-- Required action --
The lines below must be transcribed exactly as given, with the images removed.

[[ Exercise data open ]]

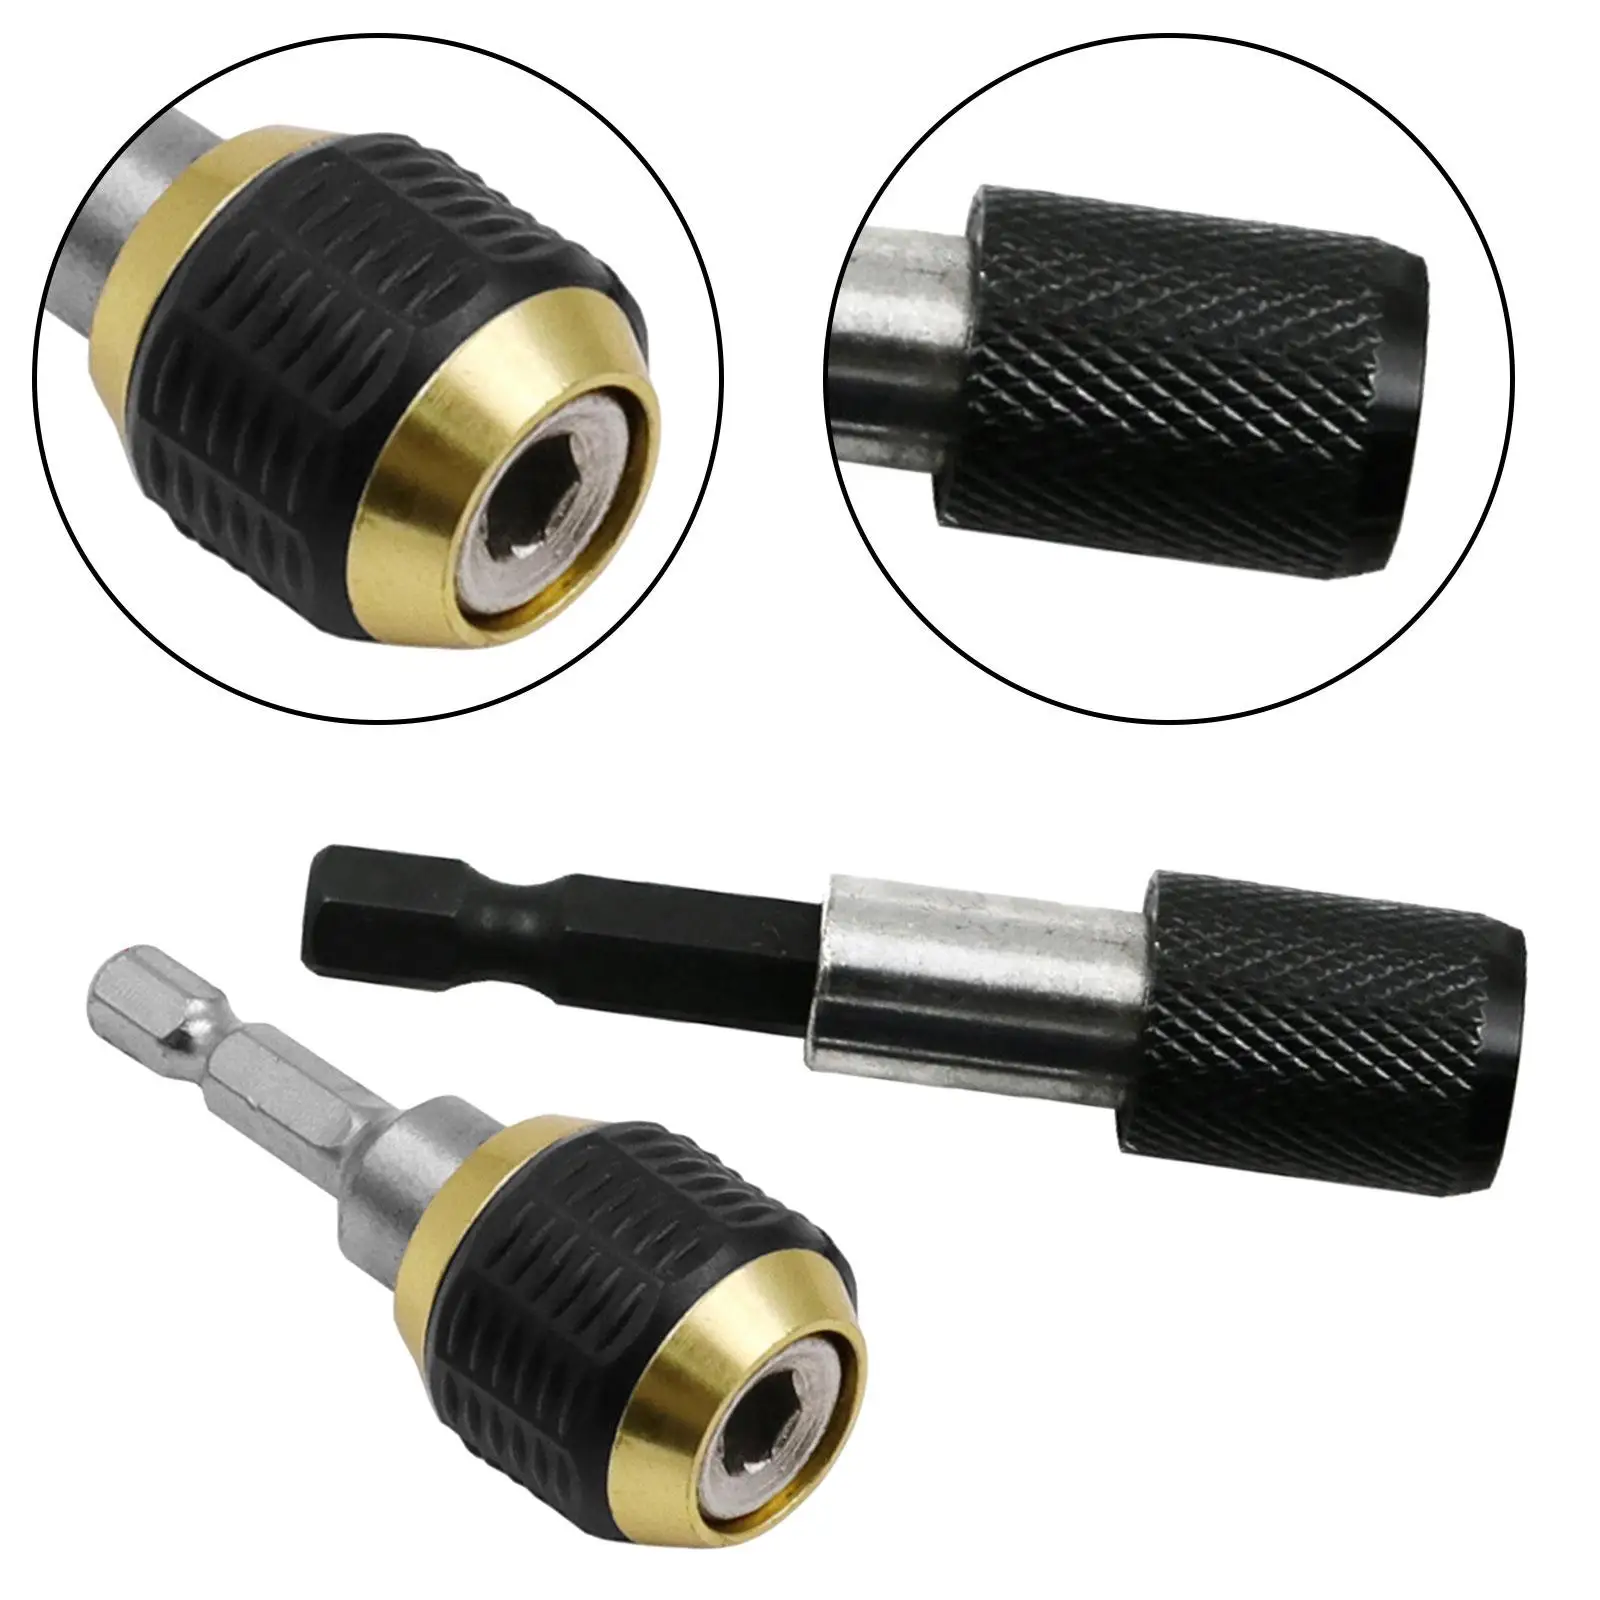 Universal Drill Change Adapter Easily Install Protection Conversion Tool Drill Chuck Drill Driver Bits Tool for Direct Replaces
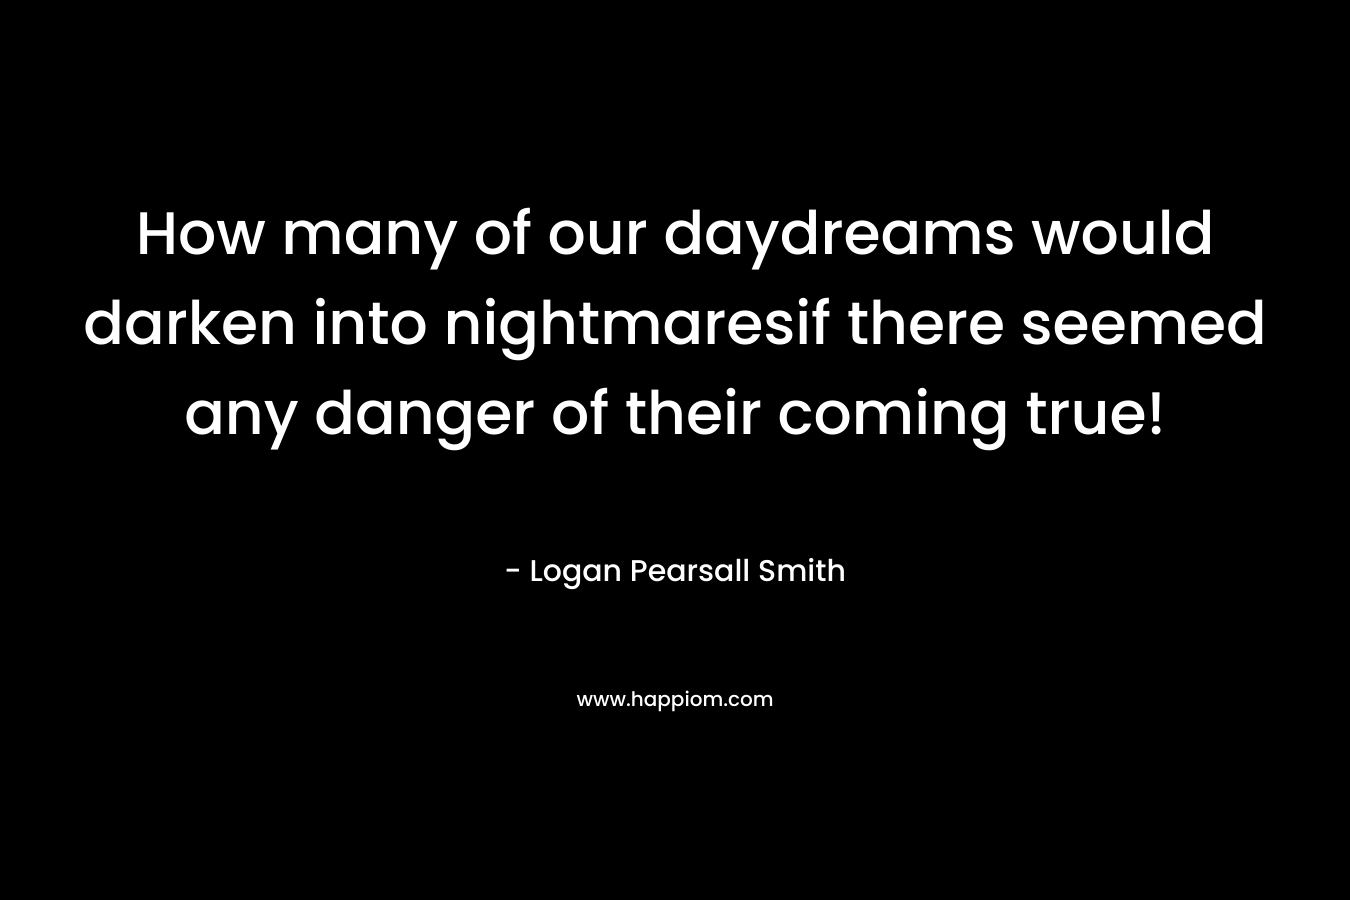 How many of our daydreams would darken into nightmaresif there seemed any danger of their coming true!
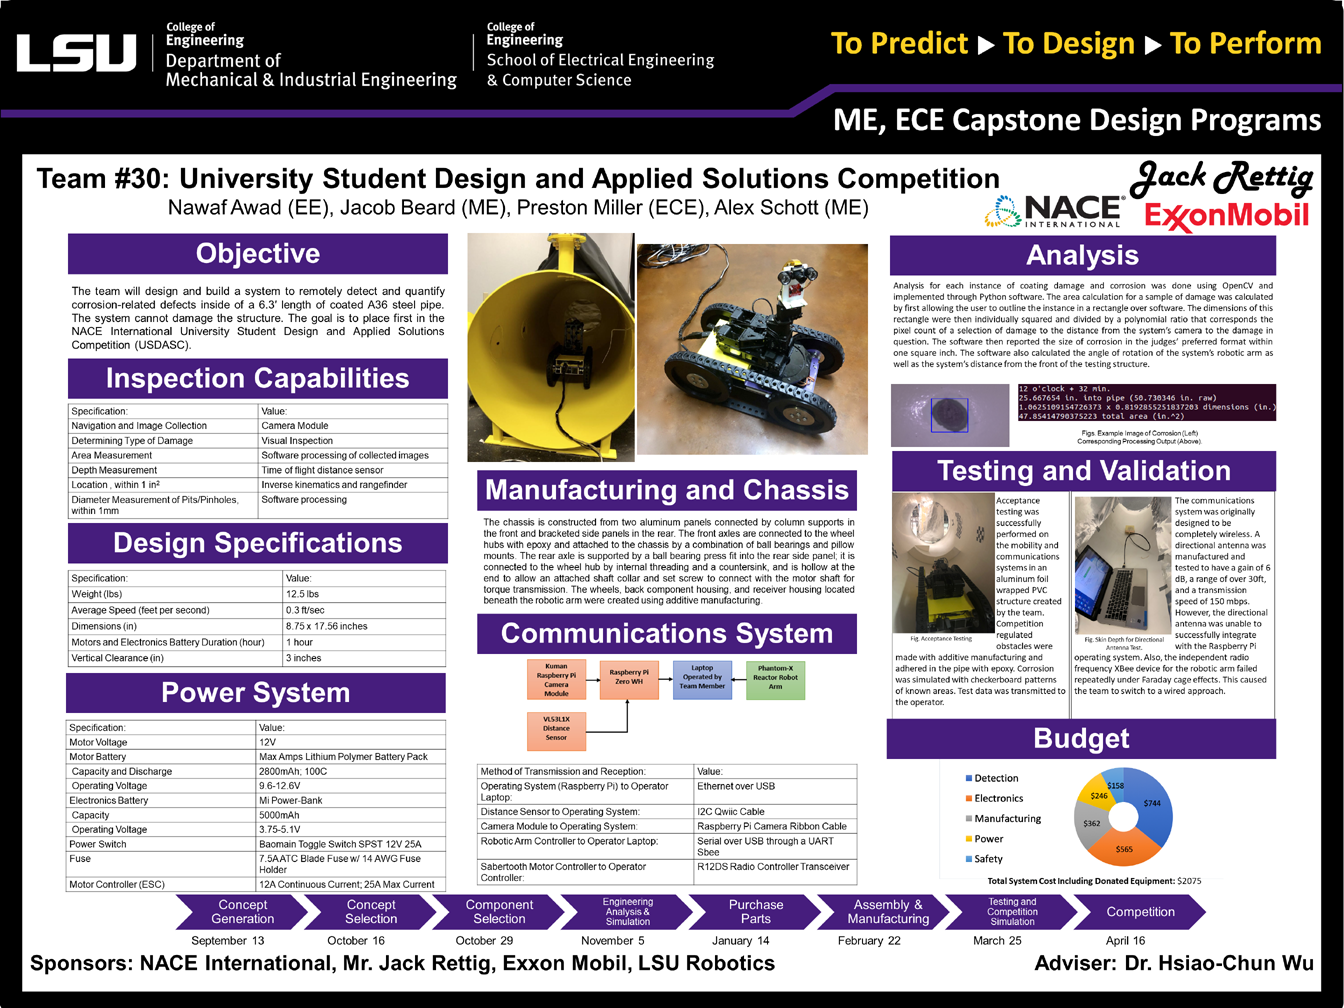 Project 30: University Student Design and Applied Solutions Competition (USDASC) (2019)
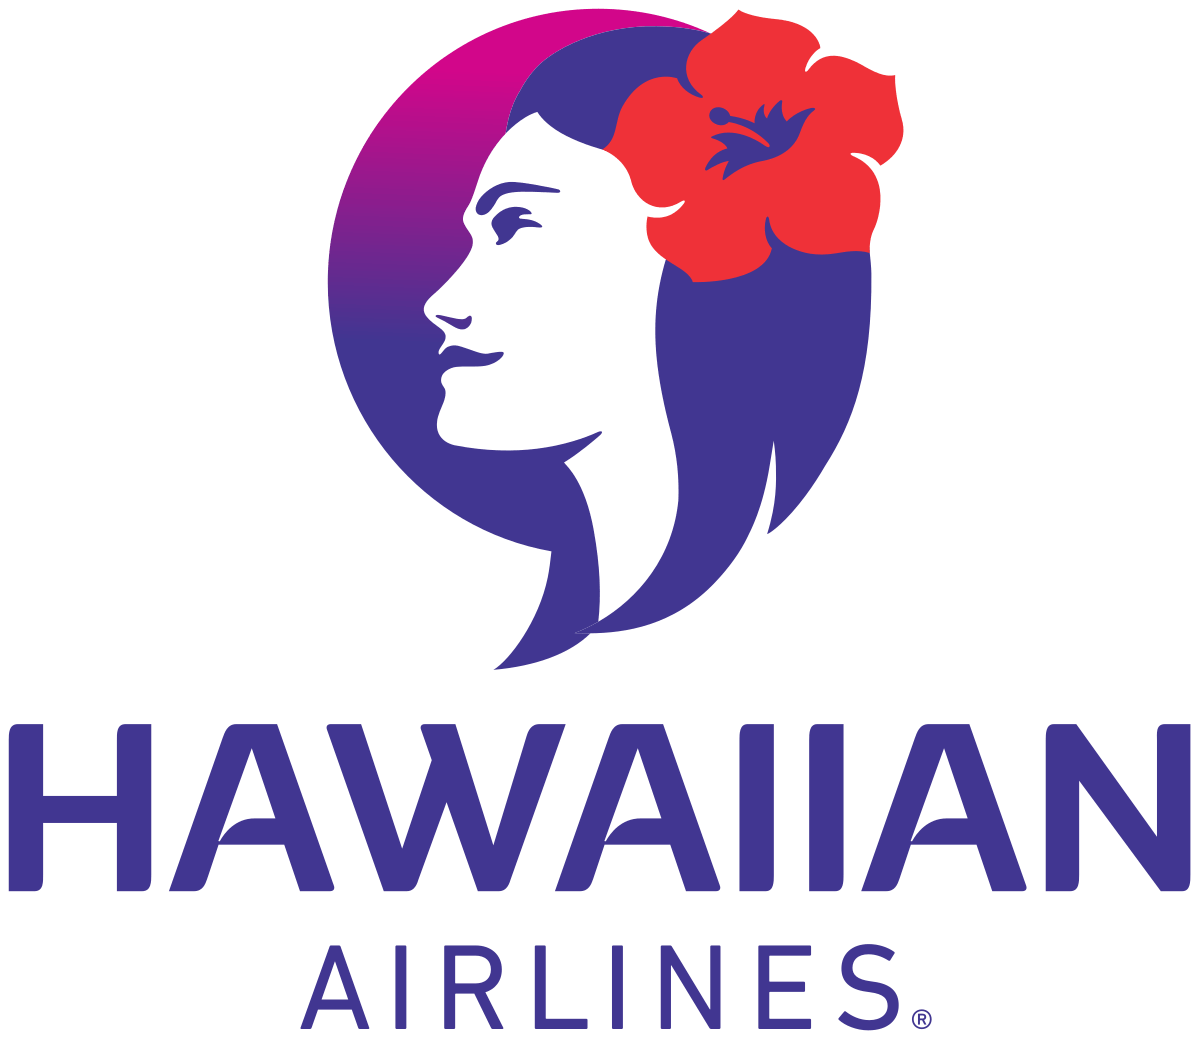 Oldest Airline Logo - Hawaiian Airlines

[[ Exercise data closed ]]

-- Answer box --
 Universal Drill Change Adapter Easily Install Protection Conversion Tool Drill Chuck Drill Driver Bits Tool for Direct Replaces
 How many of our daydreams would darken into nightmaresif there seemed any danger of their coming true!
 Project 30: University Student Design and Applied Solutions Competition (USDASC) (2019)
 Oldest Airline Logo - Hawaiian Airlines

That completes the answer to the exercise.